# Ticket for no helmet in Chiang Mai



## 12345les (Oct 5, 2012)

My friend in ch rai registered
My bike for me I live in ch Mai where I got a ticket for no helmet. will this ticket be sent to my friend in ch rai and make a problem for her?
Will it affect my application
For retirement visa? Les



Lb


----------



## Song_Si (Jun 11, 2010)

^ who has the actual ticket now? 500 baht is the usual I think - can it be paid? Seems the easiest way out.

As for any links between a minor traffic fine and Immigration - I'd say 'no chance at all' of it being notified to them, or impacting on visa application - not an Interpol matter yet!!

*******

When we moved to our town on the 2nd or 3rd day a local policeman visited - 'welcome to our town' , told us where the police station was, followed by a reminder to always wear my helmet as they are aiming for 100%, and a suggestion we re-register the motorbike and get rid of the Phuket registration plate. Well I always wear my helmet, but at a guess 40% of the locals do not! 

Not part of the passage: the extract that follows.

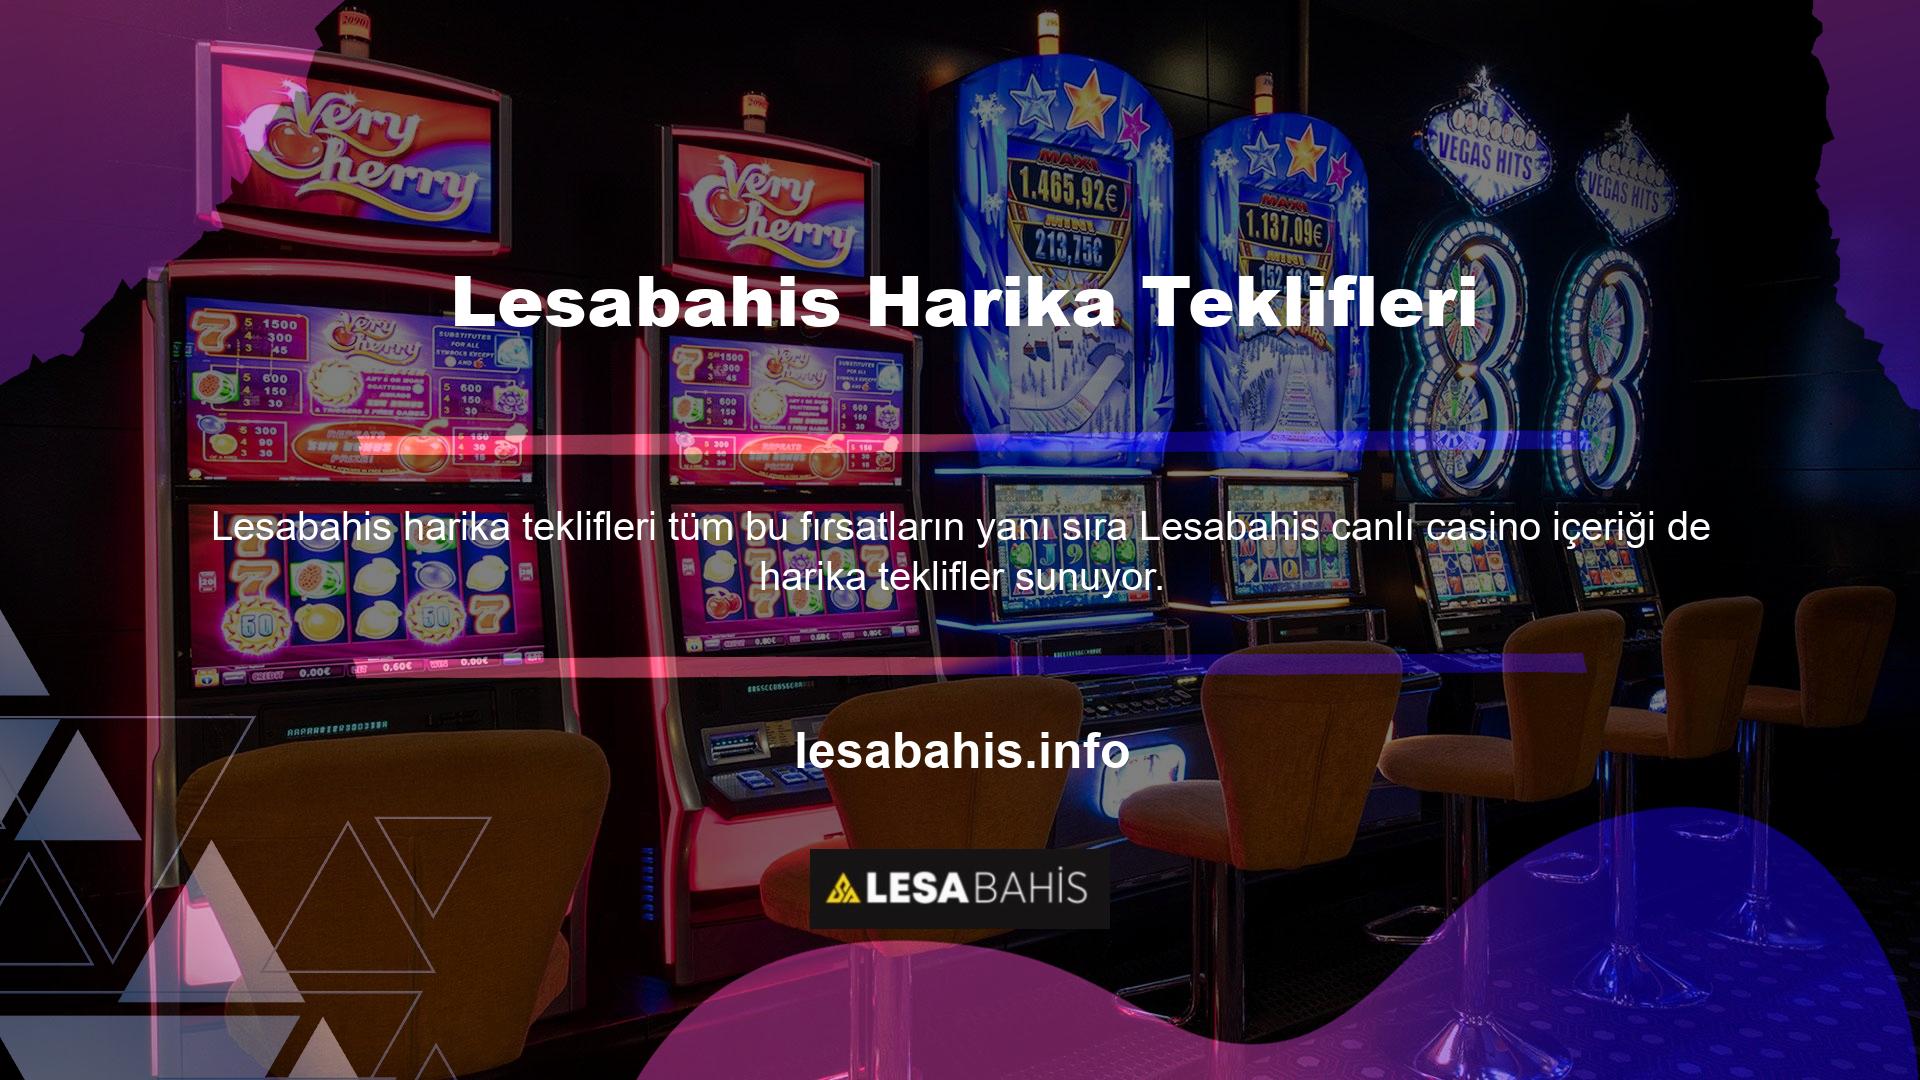 Lesabahis giriş adresi Bir Lesabahis üyesi olarak, Lesabahis oyun tutkunları, kayıt sayfasındaki ortaklık bağlantısı aracılığıyla 7/24 abonelik oluşturma fırsatına sahip olacaklar

I have been told the latest 'earner' is a 300 baht fine for wearing a helmet without the buckle done up.


----------



## JustChris (Jun 4, 2009)

Generally if the police stop you in person the police officer will take your drivers license and give you a ticket and a receipt which you take to the address on the ticket, negotiate the fine down at least 100 baht at which point you pay and they return your license. If you were caught on camera they will sent the ticket to the address where the motorcycle is registered at which point you should have your friend send it to you and then you take that to the police station and do what I suggested above. 

Although there is a point system in Thailand no one goes by it or really cares in Chiang Mai anyway and it absolutely has nothing to do with immigration at all.


----------